Everyone went to bed late and I read McTeague for an hour before sleeping too. I woke up today at eleven. I’d been in bed, although not actually asleep, for nearly twenty-one hours.

I went down to the mini-market after dinner. Barry and Carl Cotton were both down there, and as I flicked through records at an adjacent stall I could see Carl tackling passers-by, until he finally got embroiled in an argument with a Trade Unionist who, as he leafed through a Next Step, denounced the RCP as “middle class . . . I’m working class and I wouldn’t wade my way through this shit.”

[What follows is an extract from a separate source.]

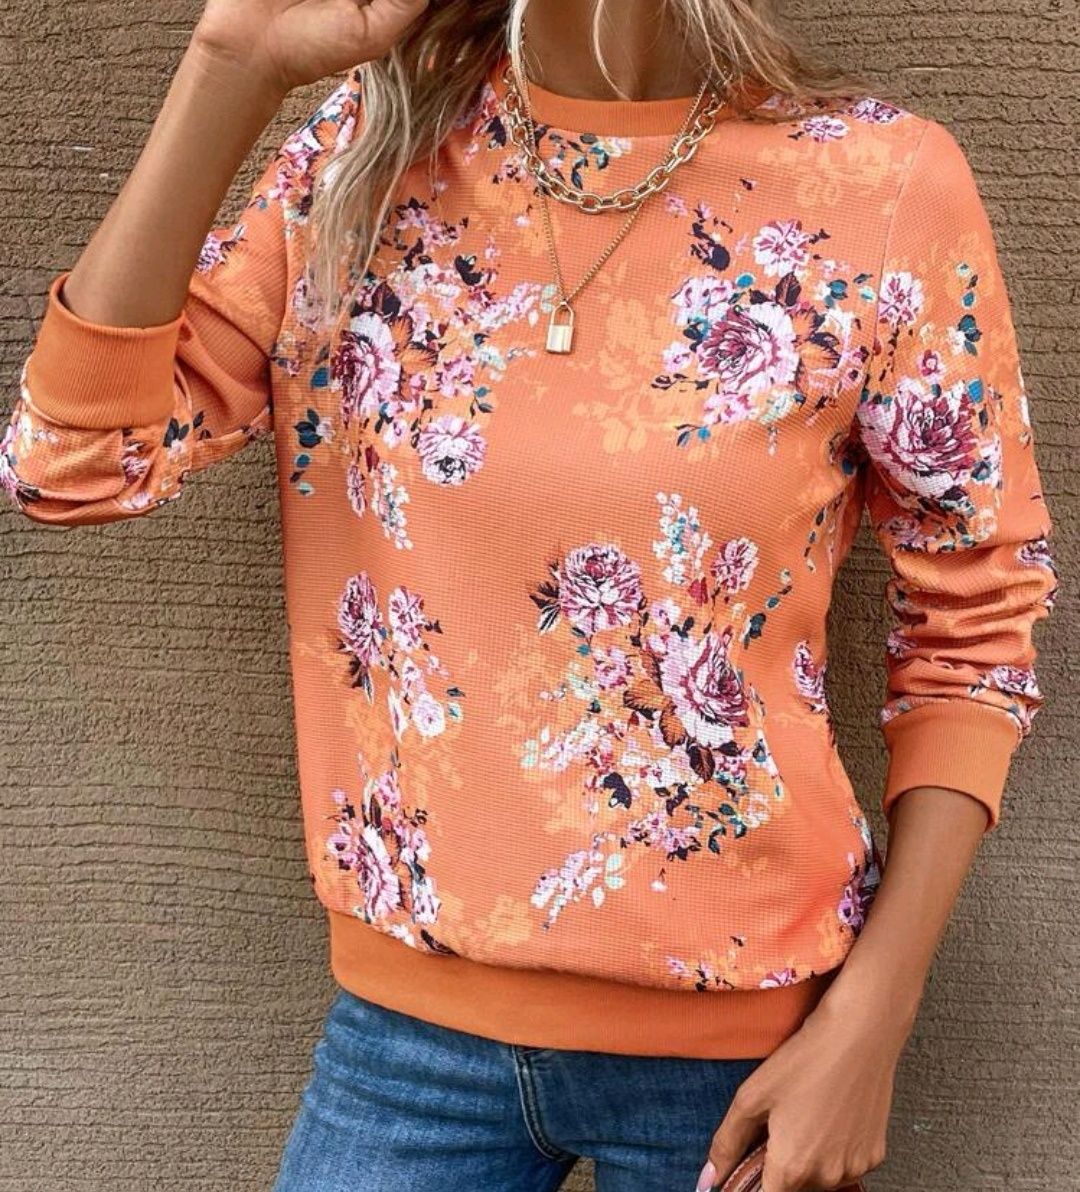 Nowa piękna bluza z motywem kwiatowym w rozmiarze S.

Carl saw me and asked if I was going to the Preparing for Power conference in July. I said I didn’t know. He couldn’t resist a jab at my ‘undeveloped’ political consciousness: “You could bring a few cans,” said he, smiling sarcastically until I bought a book on the Irish War. Perhaps he’s right, but I don’t like the supercilious way he condemns my (supposedly) mindless bourgeois student-hood.

I’ve done fuck all for most of the day, marooned here in Wollstonecraft in frustrated apathy. I’m starting to panic at the lack of time I have left to do my two essays. One of them is supposed to be a block-busting long one too! I’m facing another sleepless night striving desperately to stay awake and work. I have to finish McTeague as well. But how?

Rowan’s voice pierces the muffled hubbub as she endlessly monologues to “KitKat.” I hear the name Neil mentioned. Is he Mr. X? What do I care? I’ve also heard her quoting some poem, her voice dwelling almost obsessively on each syllable: “Fair maiden, white and red, comb me smooth and stroke my head.”